Cabinet member has a home aide
Kim is also the youngest person ever elected to the Assembly after winning her first election 2004.
She has been married for 10 years to Kwon Ki-seok, who works at LG Electronics.
As the leader of the Gender Equality Ministry, Kim is in charge of helping women break through the glass ceiling in what remains to be a heavily male-dominated society and devising policies to help women balance work and family duties. Kim is also the mother of two children.
When asked by the JoongAng Ilbo how she manages to run the ministry while also raising two children, a 6-year-old daughter and 3-year-old son, the new minister said she depends on her husband to share the household workload.
“We have a working daddy in our house,” said Kim with a smile.
In Korea, it is not easy to find such “working daddies” because the general perception is that women should take care of household activities and are mainly responsible for raising children, while men should concentrate on making ends meet.

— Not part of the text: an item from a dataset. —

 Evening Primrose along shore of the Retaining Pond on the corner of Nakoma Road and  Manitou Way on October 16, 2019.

For Kwon, that notion is outdated and does not meet the needs of young married couples today.
“I have to go back to my office after feeding my kids dinner,” Kwon, 48, said as he picked up his children from a day-care center run by the National Assembly in Yeouido, western Seoul. “I try to come here before 7 p.m. so they can have dinner at home.”

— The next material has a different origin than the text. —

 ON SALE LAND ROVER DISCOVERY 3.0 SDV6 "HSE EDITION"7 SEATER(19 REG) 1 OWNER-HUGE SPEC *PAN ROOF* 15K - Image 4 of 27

One of the principles Kim and Kwon uphold is that the responsibility for fetching the two children falls on the partner who gets out of work earlier.
“We have no separation of responsibilities when it comes to household activities. My husband never said he would ‘help’ me do the chores because he thinks he shares that responsibility. I am very thankful for that,” the minister said.
Kwon’s active participation in household work is still something of a rarity in Korean society. Illustrating the larger share of household chores women are faced with at home, a study by the Organization for Economic Cooperation and Development found that Korean men spend about 45 minutes per day on household work, ranking in last place among OECD member countries.
Kwon said it’s not difficult to be open-minded in sharing the burden of household labor. “Men should be flexible in adjusting their schedules to share the burden and find a good balance between work and household chores. For me, it was not a choice to share the burden. I perceive it as something I have to do.”
Kim said the belief of some people that the Gender Equality Ministry exists only for women stems from a misunderstanding.
“The ministry wants both men and women to lead households and share life on an equal basis,” she said.